### RECORDED DATA
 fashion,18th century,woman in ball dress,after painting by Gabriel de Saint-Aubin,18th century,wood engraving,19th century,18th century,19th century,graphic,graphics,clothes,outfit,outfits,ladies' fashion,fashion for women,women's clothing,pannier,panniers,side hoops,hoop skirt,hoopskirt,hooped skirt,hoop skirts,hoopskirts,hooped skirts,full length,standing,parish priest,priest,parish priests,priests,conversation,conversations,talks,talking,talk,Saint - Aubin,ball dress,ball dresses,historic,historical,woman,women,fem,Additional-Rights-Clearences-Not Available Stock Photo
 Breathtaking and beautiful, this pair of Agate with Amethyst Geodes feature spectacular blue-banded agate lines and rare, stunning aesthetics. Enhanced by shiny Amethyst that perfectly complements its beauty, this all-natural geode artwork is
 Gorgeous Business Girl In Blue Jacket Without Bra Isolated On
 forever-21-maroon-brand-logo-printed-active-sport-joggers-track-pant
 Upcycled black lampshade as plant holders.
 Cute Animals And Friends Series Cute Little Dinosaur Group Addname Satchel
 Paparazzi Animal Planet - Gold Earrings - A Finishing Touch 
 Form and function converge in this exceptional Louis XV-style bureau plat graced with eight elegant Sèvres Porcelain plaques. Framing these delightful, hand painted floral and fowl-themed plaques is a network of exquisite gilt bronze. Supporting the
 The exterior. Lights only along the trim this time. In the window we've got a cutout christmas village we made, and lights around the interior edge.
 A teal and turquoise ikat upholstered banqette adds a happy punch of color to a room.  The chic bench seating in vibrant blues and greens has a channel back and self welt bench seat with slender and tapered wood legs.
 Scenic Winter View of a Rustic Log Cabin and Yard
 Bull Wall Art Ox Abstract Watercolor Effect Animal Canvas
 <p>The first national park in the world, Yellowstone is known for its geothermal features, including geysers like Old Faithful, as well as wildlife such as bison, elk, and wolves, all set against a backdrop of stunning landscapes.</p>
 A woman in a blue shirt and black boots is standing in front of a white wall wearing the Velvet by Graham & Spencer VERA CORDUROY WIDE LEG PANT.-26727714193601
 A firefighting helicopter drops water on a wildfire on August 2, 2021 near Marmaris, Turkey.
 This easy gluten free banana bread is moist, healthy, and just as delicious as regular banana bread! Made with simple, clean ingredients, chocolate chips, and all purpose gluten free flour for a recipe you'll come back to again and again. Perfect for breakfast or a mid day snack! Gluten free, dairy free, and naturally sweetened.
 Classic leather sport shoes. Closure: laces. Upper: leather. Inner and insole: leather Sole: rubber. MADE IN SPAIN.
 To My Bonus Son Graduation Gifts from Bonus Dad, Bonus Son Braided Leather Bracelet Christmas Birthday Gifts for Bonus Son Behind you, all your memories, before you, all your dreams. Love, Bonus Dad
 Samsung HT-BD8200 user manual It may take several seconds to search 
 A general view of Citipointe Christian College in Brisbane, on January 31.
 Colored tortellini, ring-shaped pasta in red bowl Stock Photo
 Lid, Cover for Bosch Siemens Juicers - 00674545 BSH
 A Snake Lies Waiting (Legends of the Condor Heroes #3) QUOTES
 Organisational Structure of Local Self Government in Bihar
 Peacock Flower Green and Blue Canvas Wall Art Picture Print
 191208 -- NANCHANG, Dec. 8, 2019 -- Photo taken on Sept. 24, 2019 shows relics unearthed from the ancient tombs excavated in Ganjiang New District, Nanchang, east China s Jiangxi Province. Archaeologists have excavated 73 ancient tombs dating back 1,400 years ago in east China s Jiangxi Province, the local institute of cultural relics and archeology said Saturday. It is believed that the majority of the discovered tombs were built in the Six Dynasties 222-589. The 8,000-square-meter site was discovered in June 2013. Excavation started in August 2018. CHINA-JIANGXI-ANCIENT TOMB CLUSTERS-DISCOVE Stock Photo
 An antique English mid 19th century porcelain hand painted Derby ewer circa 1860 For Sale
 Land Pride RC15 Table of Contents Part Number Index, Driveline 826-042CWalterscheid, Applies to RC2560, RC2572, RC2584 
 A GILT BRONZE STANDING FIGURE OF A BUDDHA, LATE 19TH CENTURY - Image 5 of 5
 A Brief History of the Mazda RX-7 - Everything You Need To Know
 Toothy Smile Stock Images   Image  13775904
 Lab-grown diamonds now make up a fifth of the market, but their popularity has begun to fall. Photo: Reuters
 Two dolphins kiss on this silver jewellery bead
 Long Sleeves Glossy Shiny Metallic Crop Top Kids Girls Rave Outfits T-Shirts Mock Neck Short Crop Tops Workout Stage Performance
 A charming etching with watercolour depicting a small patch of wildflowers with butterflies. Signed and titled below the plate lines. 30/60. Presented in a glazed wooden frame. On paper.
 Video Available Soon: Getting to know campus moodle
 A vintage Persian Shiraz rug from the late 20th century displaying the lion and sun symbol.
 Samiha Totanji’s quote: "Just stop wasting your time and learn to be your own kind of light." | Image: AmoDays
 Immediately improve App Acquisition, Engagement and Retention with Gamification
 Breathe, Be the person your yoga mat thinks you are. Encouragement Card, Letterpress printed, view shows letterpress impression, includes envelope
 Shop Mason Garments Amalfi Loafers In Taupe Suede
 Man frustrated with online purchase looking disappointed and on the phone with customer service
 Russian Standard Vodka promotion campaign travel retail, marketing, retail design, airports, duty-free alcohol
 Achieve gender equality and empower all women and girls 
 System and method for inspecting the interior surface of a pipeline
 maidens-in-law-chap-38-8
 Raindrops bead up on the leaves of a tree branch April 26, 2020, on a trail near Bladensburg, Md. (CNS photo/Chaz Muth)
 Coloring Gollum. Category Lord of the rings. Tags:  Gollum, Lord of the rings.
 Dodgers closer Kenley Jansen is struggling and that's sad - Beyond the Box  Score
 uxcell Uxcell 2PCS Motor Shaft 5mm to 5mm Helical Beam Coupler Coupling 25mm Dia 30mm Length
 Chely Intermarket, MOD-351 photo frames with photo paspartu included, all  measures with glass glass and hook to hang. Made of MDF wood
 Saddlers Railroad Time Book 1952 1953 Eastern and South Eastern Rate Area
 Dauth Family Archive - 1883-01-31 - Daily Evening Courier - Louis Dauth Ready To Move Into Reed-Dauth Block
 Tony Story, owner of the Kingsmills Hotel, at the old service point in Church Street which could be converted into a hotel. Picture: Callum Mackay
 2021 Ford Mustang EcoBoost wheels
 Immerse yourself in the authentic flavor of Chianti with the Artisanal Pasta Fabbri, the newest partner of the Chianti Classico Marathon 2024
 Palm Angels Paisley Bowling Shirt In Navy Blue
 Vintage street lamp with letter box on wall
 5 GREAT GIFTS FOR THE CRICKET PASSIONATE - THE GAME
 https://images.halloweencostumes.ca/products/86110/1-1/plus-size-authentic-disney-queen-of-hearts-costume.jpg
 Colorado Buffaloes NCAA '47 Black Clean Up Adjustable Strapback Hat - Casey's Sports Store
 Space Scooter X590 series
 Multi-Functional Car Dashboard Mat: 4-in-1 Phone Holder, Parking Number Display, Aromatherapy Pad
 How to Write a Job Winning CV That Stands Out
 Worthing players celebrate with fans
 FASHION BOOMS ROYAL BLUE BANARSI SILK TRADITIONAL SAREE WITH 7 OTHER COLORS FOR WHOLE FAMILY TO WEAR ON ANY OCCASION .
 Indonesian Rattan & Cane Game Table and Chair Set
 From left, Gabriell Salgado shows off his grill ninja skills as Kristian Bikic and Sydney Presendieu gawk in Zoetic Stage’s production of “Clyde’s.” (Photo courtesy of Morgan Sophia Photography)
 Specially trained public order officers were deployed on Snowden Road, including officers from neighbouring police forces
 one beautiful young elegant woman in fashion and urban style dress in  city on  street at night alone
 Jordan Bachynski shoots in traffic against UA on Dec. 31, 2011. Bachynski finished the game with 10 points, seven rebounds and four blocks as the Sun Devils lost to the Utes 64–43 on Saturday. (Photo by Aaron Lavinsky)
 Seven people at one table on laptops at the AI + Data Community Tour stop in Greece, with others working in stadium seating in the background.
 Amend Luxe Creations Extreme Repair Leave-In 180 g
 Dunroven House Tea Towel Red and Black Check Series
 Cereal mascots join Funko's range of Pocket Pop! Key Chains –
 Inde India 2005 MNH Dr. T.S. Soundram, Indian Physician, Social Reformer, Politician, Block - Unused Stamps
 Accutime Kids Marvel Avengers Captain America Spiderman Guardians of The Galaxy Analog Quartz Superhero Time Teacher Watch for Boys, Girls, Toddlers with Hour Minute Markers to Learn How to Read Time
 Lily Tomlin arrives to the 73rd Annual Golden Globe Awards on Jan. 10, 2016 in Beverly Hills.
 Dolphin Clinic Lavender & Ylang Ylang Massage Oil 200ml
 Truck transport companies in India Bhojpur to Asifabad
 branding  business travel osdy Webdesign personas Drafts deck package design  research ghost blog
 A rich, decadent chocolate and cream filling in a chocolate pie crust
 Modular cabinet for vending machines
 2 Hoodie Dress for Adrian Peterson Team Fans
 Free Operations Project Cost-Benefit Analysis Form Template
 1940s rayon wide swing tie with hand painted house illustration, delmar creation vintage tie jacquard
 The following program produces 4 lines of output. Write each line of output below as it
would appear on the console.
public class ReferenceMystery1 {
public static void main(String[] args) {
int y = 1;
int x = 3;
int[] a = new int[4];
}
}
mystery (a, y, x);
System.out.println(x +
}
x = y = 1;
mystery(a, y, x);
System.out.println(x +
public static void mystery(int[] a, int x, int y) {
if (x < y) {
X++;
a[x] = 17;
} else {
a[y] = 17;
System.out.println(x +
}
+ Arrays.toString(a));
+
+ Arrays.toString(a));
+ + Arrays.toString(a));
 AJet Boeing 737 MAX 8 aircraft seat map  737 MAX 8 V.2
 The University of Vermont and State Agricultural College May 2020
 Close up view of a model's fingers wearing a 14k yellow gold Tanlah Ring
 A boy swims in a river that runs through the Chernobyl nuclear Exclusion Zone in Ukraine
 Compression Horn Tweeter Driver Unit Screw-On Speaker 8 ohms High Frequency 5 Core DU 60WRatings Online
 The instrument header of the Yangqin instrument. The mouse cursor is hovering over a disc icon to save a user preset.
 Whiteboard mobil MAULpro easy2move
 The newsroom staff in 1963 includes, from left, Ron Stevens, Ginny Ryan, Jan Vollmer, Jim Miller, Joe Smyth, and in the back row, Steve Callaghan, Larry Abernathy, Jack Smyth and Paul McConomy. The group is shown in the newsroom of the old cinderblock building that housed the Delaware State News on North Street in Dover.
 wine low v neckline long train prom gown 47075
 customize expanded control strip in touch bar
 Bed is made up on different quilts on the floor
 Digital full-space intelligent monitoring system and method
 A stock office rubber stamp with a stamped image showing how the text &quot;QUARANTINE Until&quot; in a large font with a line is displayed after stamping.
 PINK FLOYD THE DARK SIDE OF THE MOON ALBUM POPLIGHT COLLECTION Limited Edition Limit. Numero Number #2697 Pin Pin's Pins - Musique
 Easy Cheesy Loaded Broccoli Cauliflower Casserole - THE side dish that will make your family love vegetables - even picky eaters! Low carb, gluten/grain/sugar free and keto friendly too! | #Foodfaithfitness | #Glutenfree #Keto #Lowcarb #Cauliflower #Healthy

### WHAT YOU WILL DO
Quote the listing above, but only from the line that shows "Achieve gender equality" through the line that shows "Coloring Gollum. Category".

### EXERCISE ANSWER
 Achieve gender equality and empower all women and girls 
 System and method for inspecting the interior surface of a pipeline
 maidens-in-law-chap-38-8
 Raindrops bead up on the leaves of a tree branch April 26, 2020, on a trail near Bladensburg, Md. (CNS photo/Chaz Muth)
 Coloring Gollum. Category Lord of the rings. Tags:  Gollum, Lord of the rings.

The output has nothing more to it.